Furthermore, since extractions have always been proposed as a method of treatment for dental crowding [29], this study also evaluated the influence of the initial amount of crowding on the final aesthetic profile thanks to linear regression, observing non-significant interactions. As shown in Fig. 4, the amount of upper and lower crowding was more severe in four-extraction patients, while in two-extraction patients, there was a variable pattern. Interestingly, while the control group showed a significantly lower amount of upper and lower crowding, there were no significant differences between the four-extraction and two-extraction groups. In addition, all studied variables were comparable at T0 between the two-extraction and the four-extraction groups, suggesting that the choice of extraction pattern is a complex decision that involves many parameters, not least the clinician’s sensibility and experience.

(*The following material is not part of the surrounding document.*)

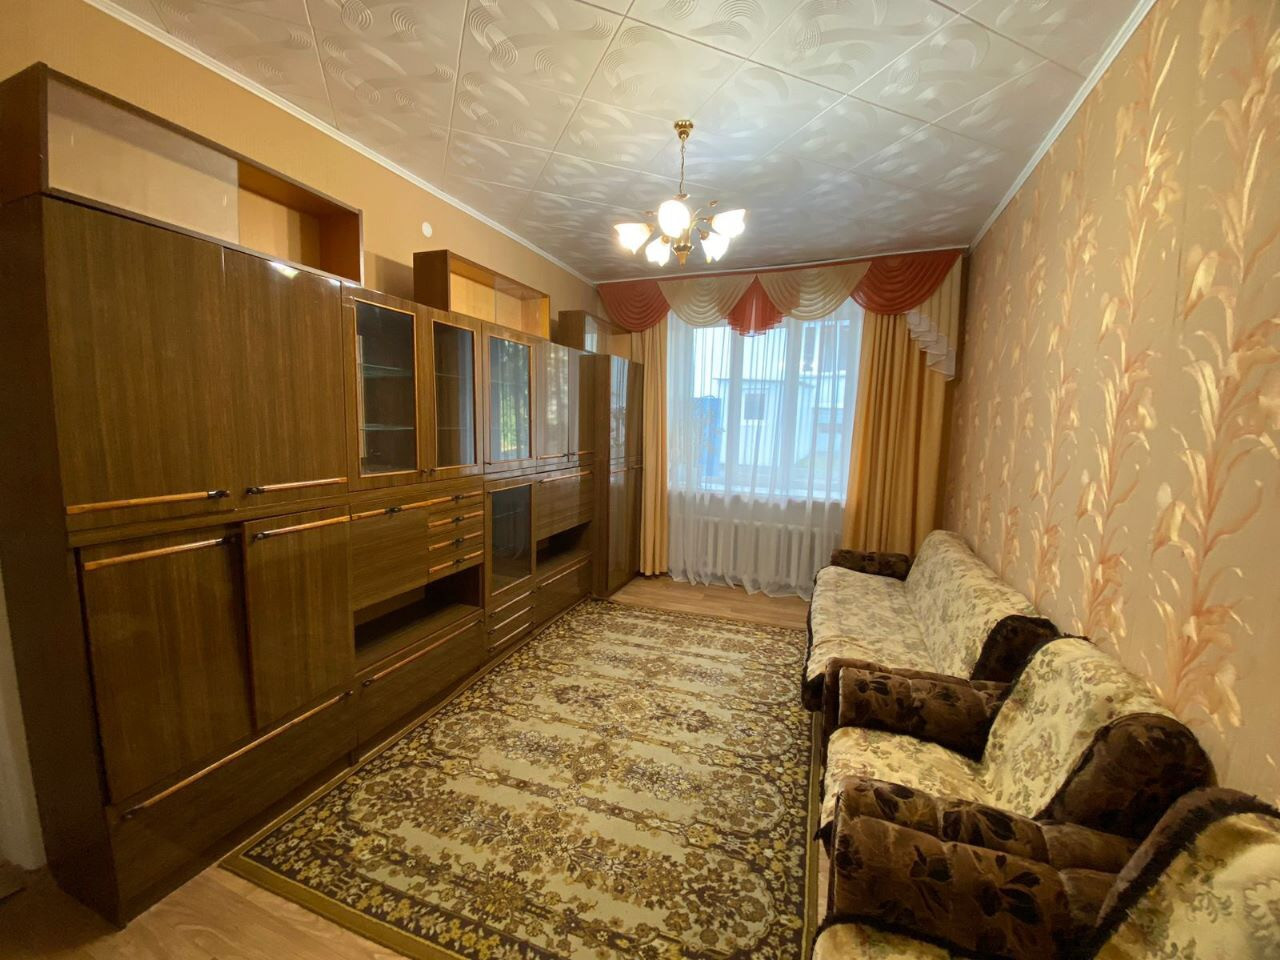 Купить квартиру в железногорске красноярского 2 комнатную. Сорочинск Маяковского 22.

It should be noted that all the regression models were able to explain a relatively small amount of variation, around 40%, of the dependent variables, suggesting that there are many other parameters to consider and that were not investigated in the present study, such as the phenotype of the lips and the orthodontists’ preferences. In fact, it has been observed that the correlation between the retrusion of the incisors and the flattening of the lip profile is more significant in patients with thin lips, while it is much less evident in patients with thick lips [9]. Additionally, recent research has determined that orthodontists prefer a more vestibular position of incisors rather than a lingual inclination [17], in contrast to the opinion of laypeople. Therefore, these features are surely determinants of orthodontic treatment results and should be considered for final treatment evaluation.

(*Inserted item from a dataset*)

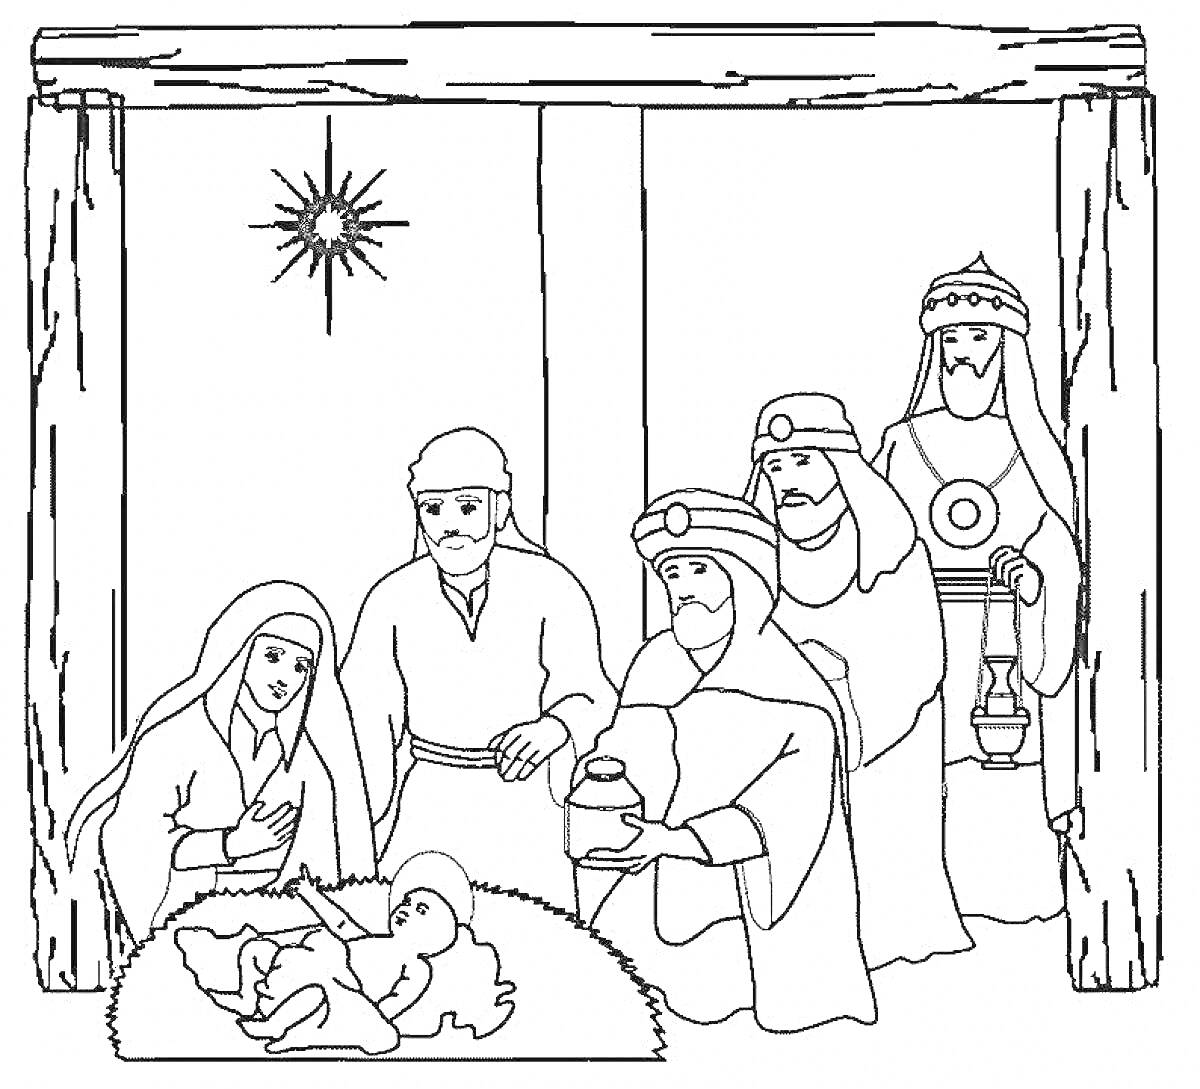 Рождественская сцена с волхвами, младенцем Иисусом, Марией, Иосифом и звездой

Finally, although care was taken to reduce the selection bias by using a rigid chronological criterion, apart from the retrospective design, the presence of subtle differences between the extraction groups and the control group limited the present investigation. However, such differences arose from the impossibility of randomising treatment choice. The need for extractions was determined by several skeletal, dental, and aesthetical considerations; therefore, it was expected that the extraction and non-extraction patients would be different from each other. It would obviously be ethically questionable to deliberately treat a patient without extraction when an extraction is required, and vice-versa. Debatable ethical issues would also arise in the case that the clinician treat a patient without an extraction who needs an extraction but refuses. These considerations were confirmed in a historical study by Odenrick et al. who compared the morphology of patients treated with and without extraction, showing differences for the dental crowding, the lengths of maxilla and mandible, and the width of teeth, which was higher in extraction patients [29].

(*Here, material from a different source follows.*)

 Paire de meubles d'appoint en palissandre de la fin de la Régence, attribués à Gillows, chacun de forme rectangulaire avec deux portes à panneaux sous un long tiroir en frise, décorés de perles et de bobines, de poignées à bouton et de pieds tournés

Similar soft tissue aesthetics were observed after treatment in the three groups. A statistically significant reduction in the FMA angle was observed in the four-extractions group, while a statistically significant modification of the lower incisor torque was observed in the two-extraction group. Considering the importance of soft tissue in the diagnosis of orthodontic treatment, linear multiple regression revealed that, even if there were no statistically significant differences regarding soft tissue profile, the upper and lower lip protrusion and facial convexity angle were affected by the anchorage pattern.